Thursday, October 11, 2012

Blog Activity

Gloria Lee (이가람)
2010.10.11
Blog Activity
1. Objectives- Students will be able to write correct form of descriptive adjectives and adverbs when describing a picture.

2. Student – 13~16, Middle school students, High intermediate

3. Activity Location- Home, school lab, Anywhere but in actual learning class

4. Overview of the activity- Students will describe a picture of historical event by using as many adjectives, adverbs, and prepositions as possible. Also, they will give peers error correction if they have made one. The students will be separated into 5 groups and each group will have 5~6 people. In groups, the students will give each other grammatical or just simple responsive feedback. They will negotiate meaning by posting reply under the friend’s posts. The teacher can also leave a feedback under the students who seem confused or mislead.

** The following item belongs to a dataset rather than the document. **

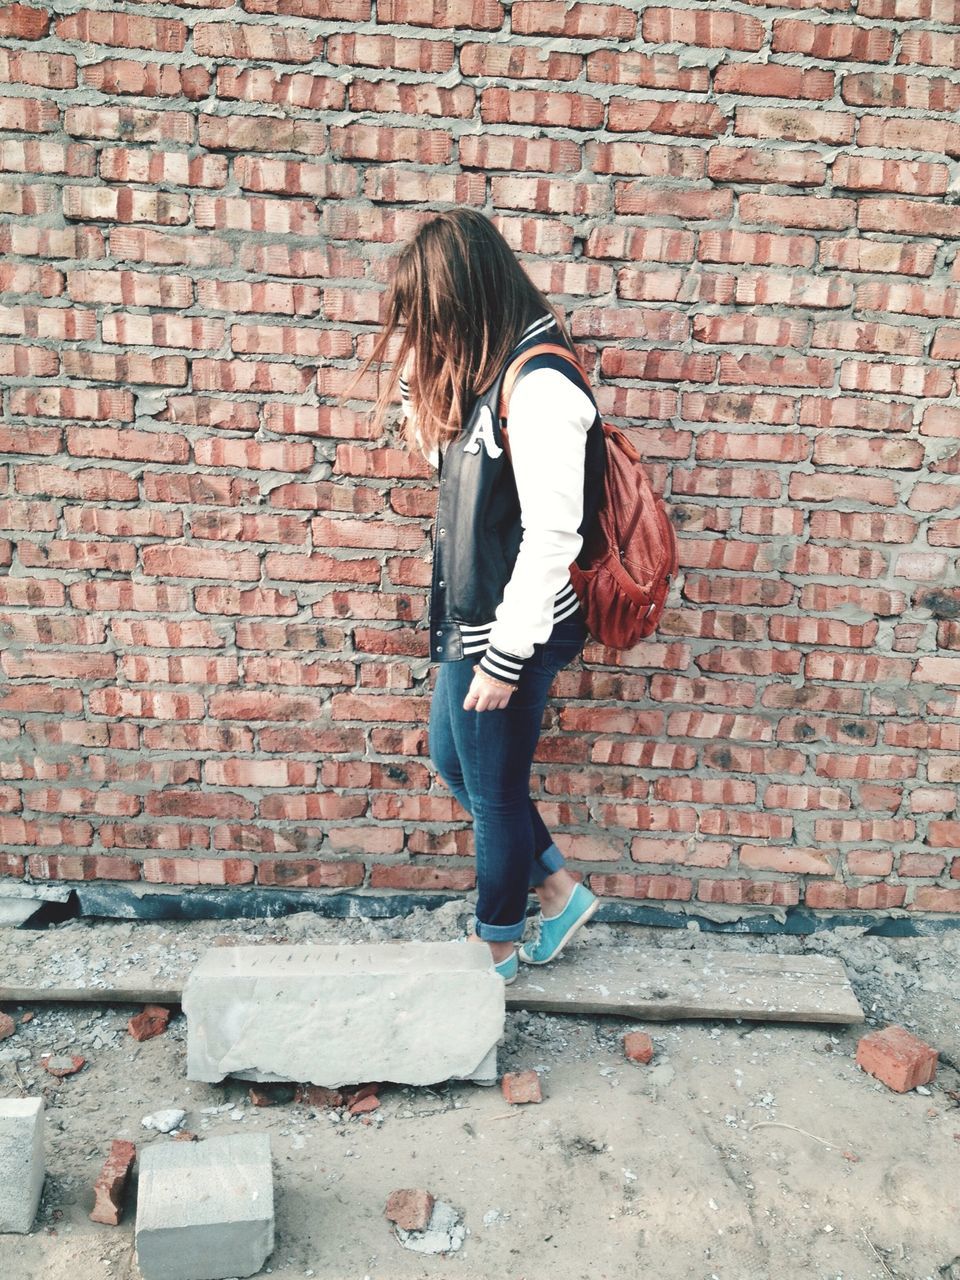 full length, brick wall, lifestyles, casual clothing, young adult, leisure activity, standing, young women, wall - building feature, built structure, architecture, building exterior, person, long hair, stone wall, front view, side view, red

5. Guiding SLA theory- Multimedia theory (Teachers use pictures to prompt the students to write and the other students can compare peers descriptions and the actual picture: having both visual and written statement.) Interaction hypothesis (Students give feedbacks to each other and when there are conversation break downs, negotiation of meaning happens.)

6. CALL context – Through computer they will communicate with their friends on blog, They will also work around the computer when they are working in a school lab

7. Students / computer ratio- It will be one on one

8. Technology difficulty level (do Ss have experience with the technology? How long will it take them to learn about the tech?)- Some students may already have experience with their own personal blogs some may don’t have experience. The teacher will give a brief tutorial lecture on blog in class. The teacher will use the class blog that almost every student is well aware of.

9. Students’ Instructions- You are going to write a brief description about the pictures that the teacher upload every week. Please try to log on to our class blog every week. You will work as a group so 5~6 people will work together. Each of you have to describe a picture in 3~4 sentences. MUST use the descriptive words we have learned in class. After you have finished your posting take a look at you group members’ posting and leave at least one reply. If can be an agreement, disagreement or a correction their mistake.

10. Examples of input / output / collaboration, etc. – Teacher will give different set of pictures like this to different group. The historical picture will be the input that the students get. The students will try to describe picture in several sentences using at least 4 different descriptive words; adjectives, adverbs, prepositions, and etc. The students will try to help each other by giving corrections on peers’ error. They will work in groups so peer feedback they should give out will be only 4~5. Including what they have to produce they will have 5~6 chances to make production. If the student accept peer’s feedback and make a correction they can have more. The teacher will also be the source of collaboration by helping them out when they look confused from reading the blog postings.
<Pictures of historical event>

11. Examples – students’ product
S1: The wall looks very messy. The men will hit the wall heavy. It is very rainy day.
S2: You mean heavily?
S1: What?
S3: She means you should say “The men will hit the wall heavily”.